Platelets are small, flattened, disc-shaped blood cells without a nucleus. Their deficiency or excess in the body negatively affects the patient’s health, which is especially noticeable at a younger age. Thrombocytopenia is a disease that causes a lack of platelets in the blood of children. Read more about what this is and what parents should do in such a situation later in the article.


Platelets

What platelet level is considered low?

The optimal level of these blood cells is 150-400 *109/l. If this indicator drops below 150*109/l, the patient is diagnosed with thrombocytopenia, due to which the blood stops clotting.

Thrombocytopenia can be a separate disease or a sign of various diseases. To accurately establish the cause of its development and select appropriate therapy, the patient is sent for additional examination.

Norms

Causes of thrombocytosis in children

In medicine, it is generally accepted that the causes of thrombocytosis can be:

  • erythremia – increased formation of blood platelets by red bone marrow;
  • too slow “utilization” of platelets – this usually occurs when the spleen is removed;
  • impaired distribution of platelets in the bloodstream - most often observed against the background of mental or physical fatigue.

If a high level of platelets is detected in blood tests, the doctor will have to determine the true cause of the development of such a pathological condition, for which additional examinations of the patient will be prescribed. In children, thrombocytosis can develop at any age, but parents should be aware that such a diagnosis is made by doctors even with a minimal increase in the number of platelets in the blood.

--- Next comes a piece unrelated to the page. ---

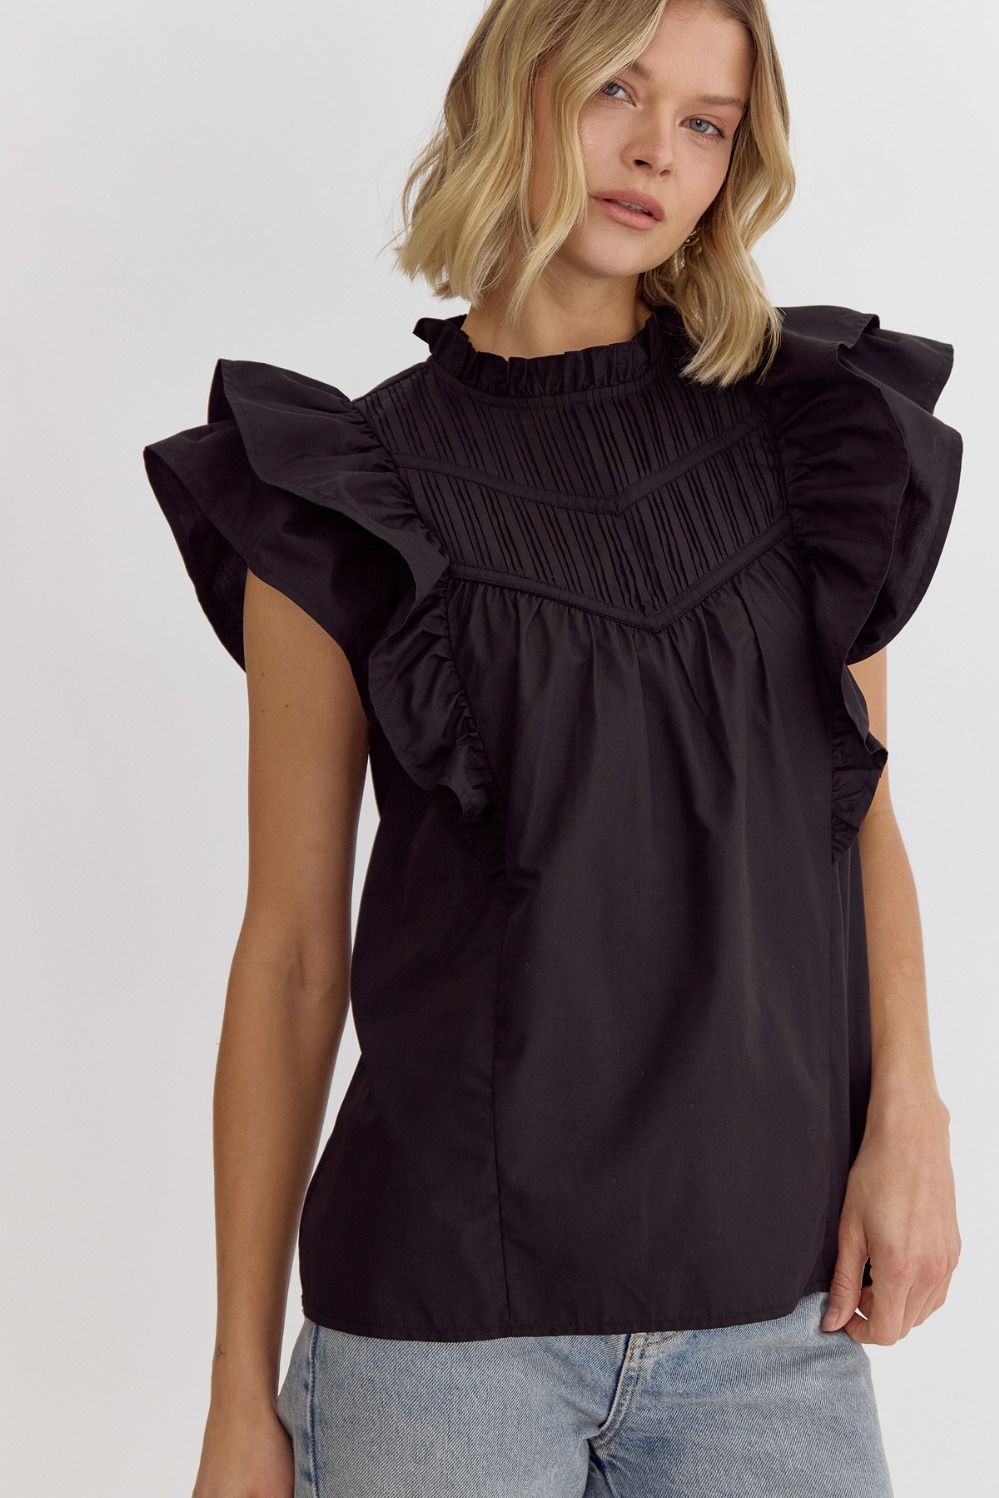 For The Frill Of It Top

Thrombocytosis in medicine is divided into three main types:

  1. Clonal thrombocythemia. In this case, there is a defect in stem cells in the bone marrow, which may also be due to their damage by the tumor process. Stem cells do not respond to ongoing endocrine processes, and therefore the formation of the blood component in question becomes uncontrollable.
  2. Primary thrombocythemia. This condition is always associated with the proliferation of several areas of red bone marrow, and the result is an incredible amount of newly formed platelets. Some hereditary/congenital diseases, as well as erythremia or myeloid leukemia, can lead to such a pathology. Primary thrombocythemia is characterized not only by an increase in the number of platelets, but these blood components are enormous in size and have an altered shape.
  3. Secondary thrombocytosis. The mechanism of its development is quite variable:
  • against the background of removal of the spleen, when old platelets have not yet been destroyed, and new ones are already actively being formed;
  • during the inflammatory process, the body intensively produces a hormone that promotes the maturation of blood platelets;
  • in case of malignant neoplasms, they produce biologically active substances that have a stimulating effect on bone marrow megakaryocytes, which increases the number of newly formed platelets.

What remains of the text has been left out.